I’ve noticed something … in recent memory, I have not suffered one single hard drive failure.
I’ve only suffered multiple hard drive failures … all my drive failures seem to happen in batches.
Last weekend the refurbished Seagate hard drive in my laptop (Rohan) started generating errors. About the same time, the main drive in Gondor started to flake out.
My laptop had been recently backed up with ghost, so getting it restored , to a spare 100gb hard drive I had, wasn’t a problem. I did struggle a bit because there was a Linux partition on the replacement drive … that Ghost didn’t know how to delete.
The drive in Gondor was a bit more problematical … although Linux was reporting problems with the drive, the Dell hard drive diagnostics reported problems with the drive, when I ran Spinrite over it, no problems were reported.
I decided to let the drive sit and see if the problems came back.
Obviously they did … this time, however, when I ran Spinrite on the drive it found a bad cluster. Luckily it was able to recover the cluster. After Spinrite was done, I copied the old drive to a new 300gb drive. Now I just have to get Dell to send me a new drive. Not sure what I’m going to do with a spare 80gb SATA drive.
Of course, all these hard drive problems got me to thinking … why the heck don’t operating systems raise serious alerts when a drive failure is detected?
On Windows XP, the drive problem was silently being logged to the “System Event Log”. I think it should have popped up a warning message telling me that something was wrong.
On Linux, the drive problems were also being logged to syslog … but if you aren’t actively monitoring the systems logs, it’s easy to miss something like that.

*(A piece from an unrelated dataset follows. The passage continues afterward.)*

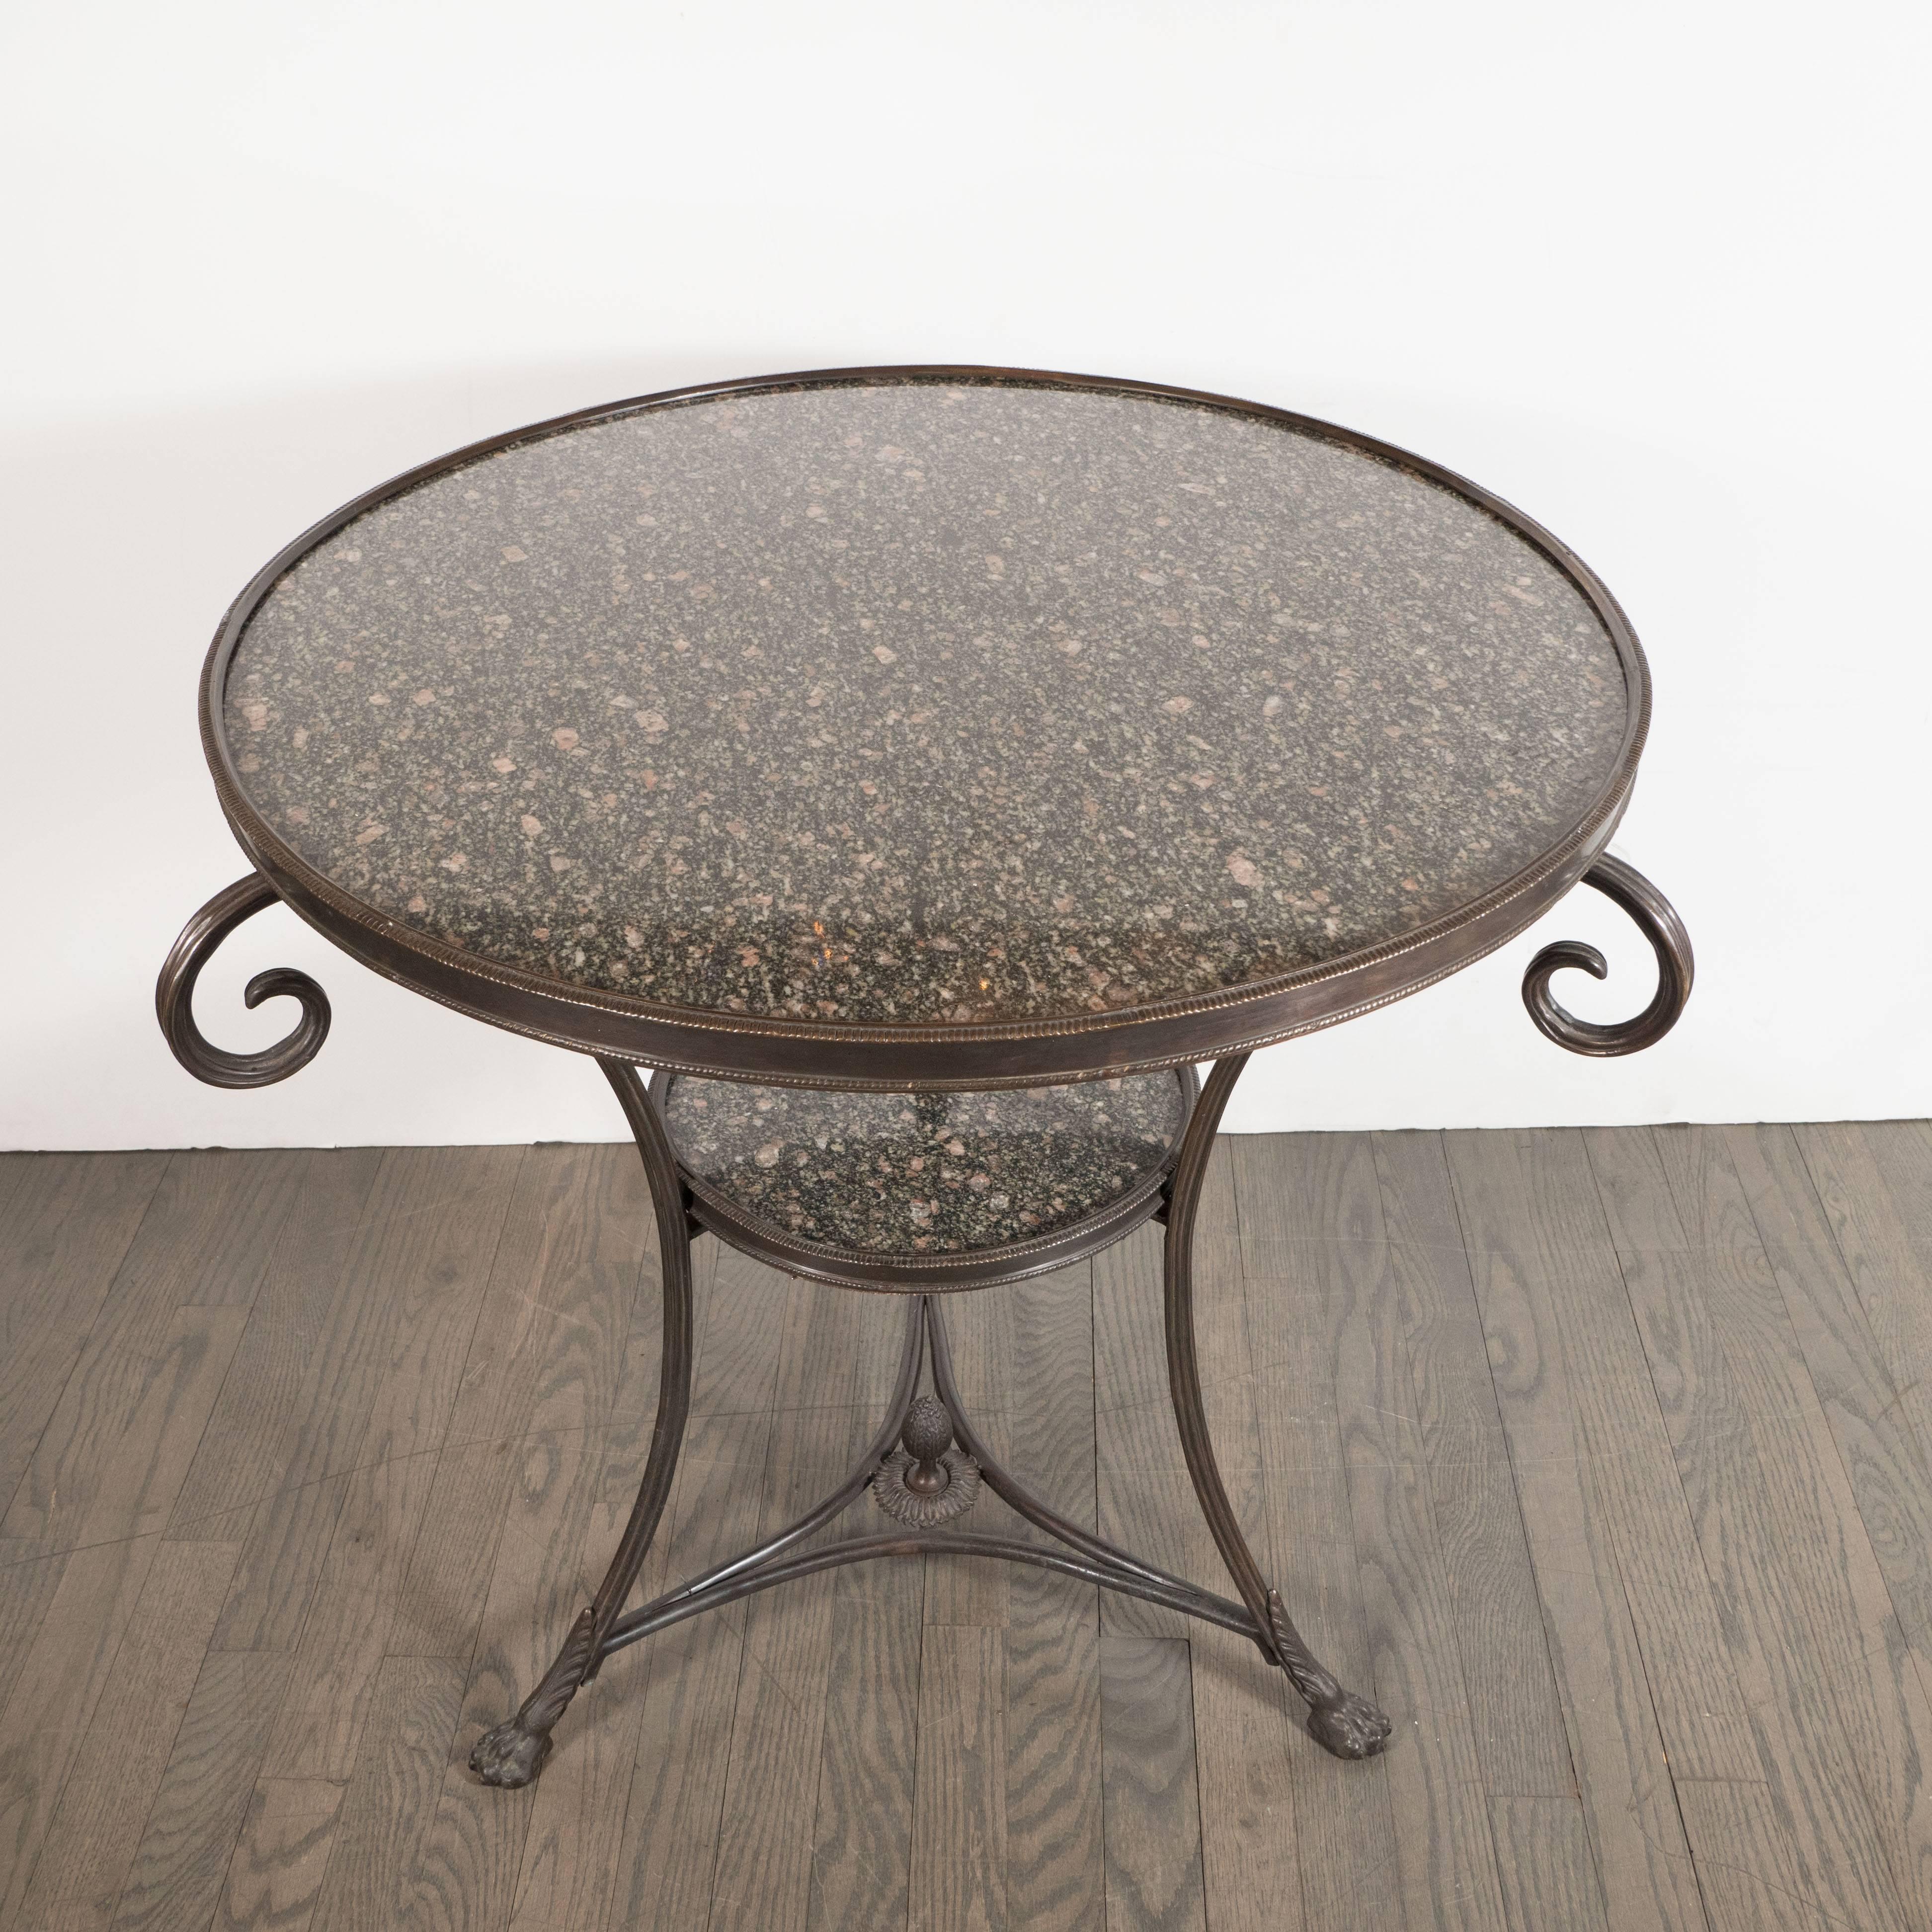 Mid-20th Century Pair of French Art Deco Directoire Style Bronze and Granite Gueridon Tables

I’m going to investigate some system monitoring software (something like Nagios) to keep an eye on problems of this nature.
first of: I am the maintainer of the rsyslog project (http://www.rsyslog.com), a drop-in replacement for syslogd. An alternate to “heavy” log monitoring solutions is to use rsyslog and make it email alerts for specific messages (e.g. anything with the hard drive in it).
I just thought I mention it.
Rainer, thanks … I’ll certainly look into it. Nagios is pretty heavy, so something lighter weight might be a good solution for the short term.
I’m also going to be looking into a raid solution of some sort.